Phase 3: Project Stand-up and Execution: Following the completion of Cloud strategy and design decisions, detailed plans must be drafted, and execution initiated. Prior to initiating individual projects, foundational steps must be taken, including stand-up of essential services (e.g., environment monitoring and network), cloud onboarding governance, security and compliance, Cloud centre of excellence. This phase is critical to the success of the migration, preventing re-work and minimizing execution risks. Projects must be managed within a framework of a program roadmap to account for interdependencies. Piloting is an important approach to consider reducing risk of failed migrations and to quickly gain lessons learned before deployments to the full user population. As much as possible, the migration should utilize industry leading migration automation tools to capture and migrate workloads.
Phase 4: Deployment: Finally, migrated applications are deployed into production environments. These go-lives are typically grouped into phases based on dependencies and coincide with TSA exits. The required time for deployments can greatly vary dependent on the scope of the migration, available talent, and complexity of the business.

4.2. SaaS Migration

In many ways, migrating from on-prem applications to a Software-as-a-Service (SaaS) based solution is like any application transformation during a separation. Migrations can be performed with little impact to other areas of the IT landscape and require many of the same implementation activities. Additionally, SaaS migrations do not require a full Cloud first strategy, allowing more targeted transformations and supporting future Cloud enabled transformations in other parts of the business.
However, these migrations can be performed much more quickly than an on-prem to on-prem due to the elimination of IT infrastructure environment provisioning, application installation, and stand up of a full technical support team. These are particularly strong benefits when a business is being spun off our acquired with the intent of operating independently to quickly exit Transition Service Agreements (TSAs), reduce additional headcount, and minimize inherited technical debt from the patent company. Specific areas that should be considered for SaaS Migration are the (Enterprise Resource Planning) ERP, Human Resource Information systems (HRIS), Customer Relationship Management (CRM), Travel and Expense (T&E), Procurement, and email/IAM applications.

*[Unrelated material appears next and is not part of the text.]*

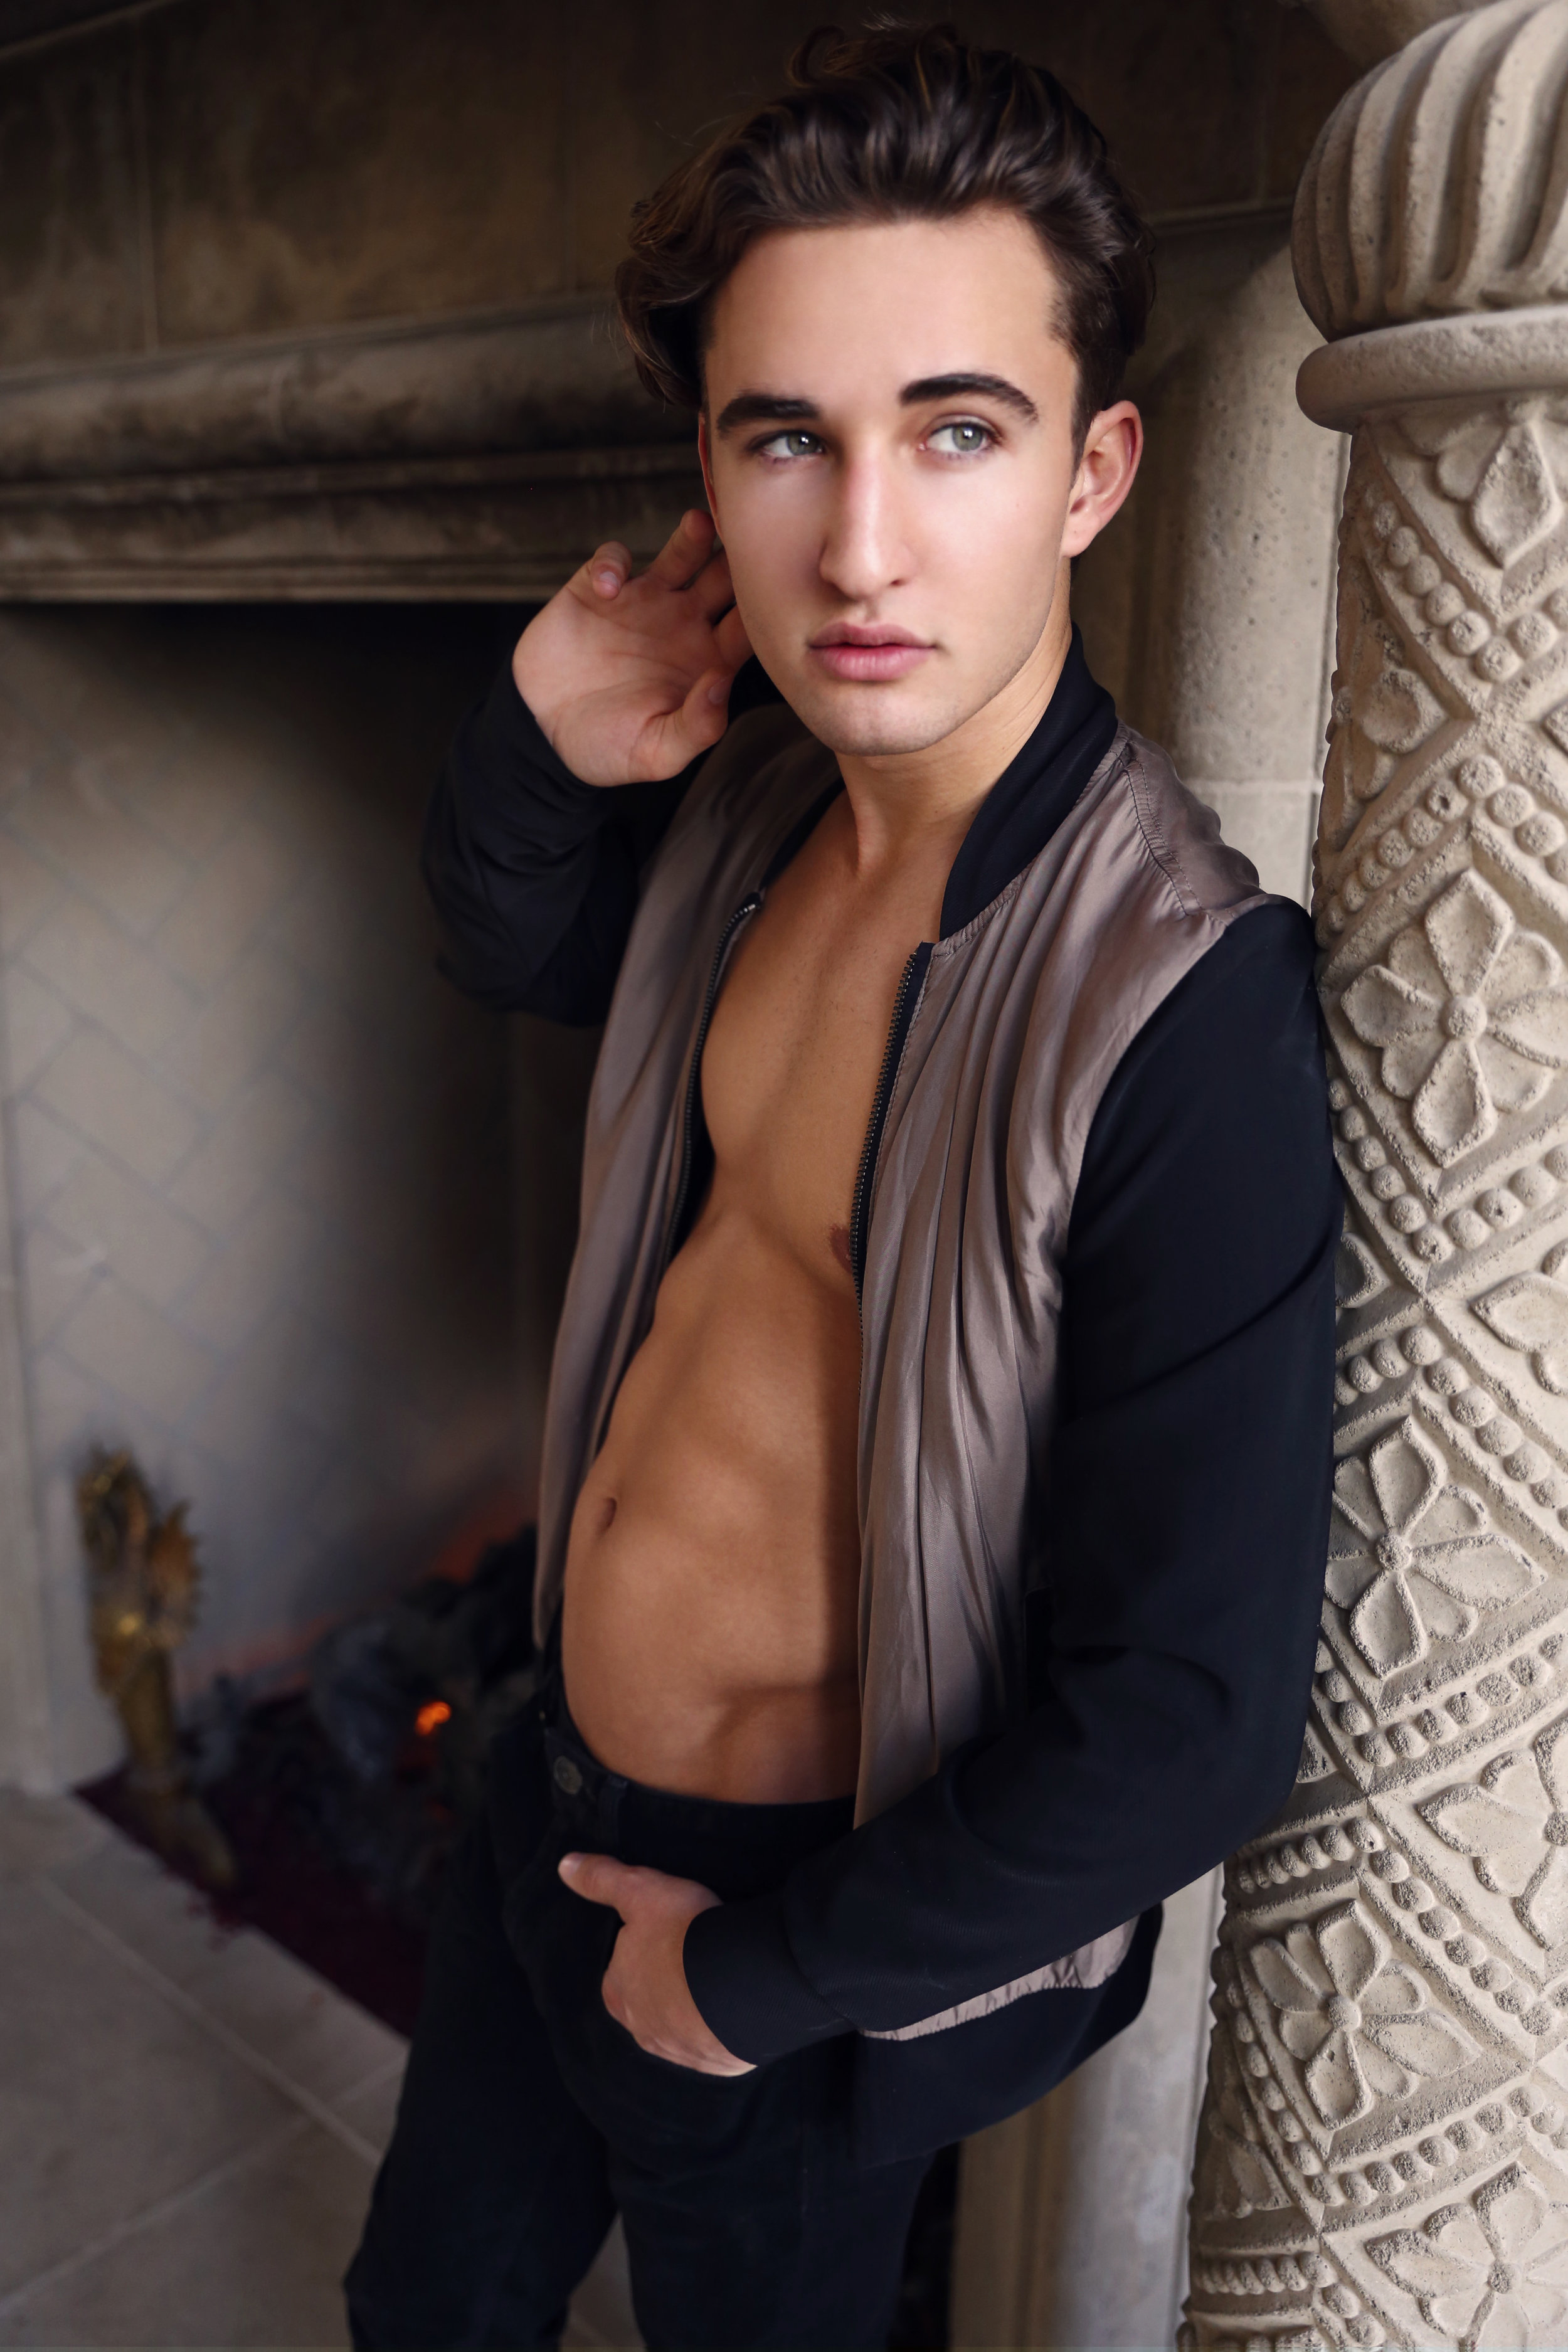 Ethan Willhouse

4.3. IT Operating Model Transformation to become Digital

Rarely do divested businesses not perform some level of operating model transformation as part of the separation. This is particularly true for IT as most organizations centralize to gain the benefits of scale, shared knowledge, and supporting enterprise IT assets. In the case of the sold business being acquired by buyer, operating models typically transform to conform to the buyer’s operations. In the case of a spin-off or acquisition where the business will be operated independently, like in the case of a private equity (PE) firm, the business has can utilize the transaction to transform their organization to become more digital.
Transformed IT operating models to support truly digital business is almost always accompanied by and enabled by strategic cloud technologies [9]. Digital businesses must be organized for continuous innovation with minimal barriers to experimenting, developing, prototyping, and deploying new solutions. Cloud specifically enables businesses to be organized for innovation in two primary areas:
1. Agile and DevOps Workforce: Cloud is a key enabler in shifting not only the IT function, but the entire organization to Agile operations with integrated DevOps [10]. Development teams can self-serve to stand up entire environments in hours instead of weeks, IT infrastructure teams can focus on continuously improving operations and less on responding to incidents and requests. Finally, business teams can partner with dedicated IT teams to experiment and develop new solutions to improve or create new business capabilities in a fraction of the time.
2. Access to New Technologies: Unless an organization has substantial scale, inhouse industry leading technology platforms in AI, AR/VR, analytics, security automation are often cost prohibitive. However, these platforms come out of the box with public IaaS with no upfront licensing costs. Access to these technologies and the ability to ingrate with enterprise applications gives business teams a wider range of opportunities to experiment and innovate [11].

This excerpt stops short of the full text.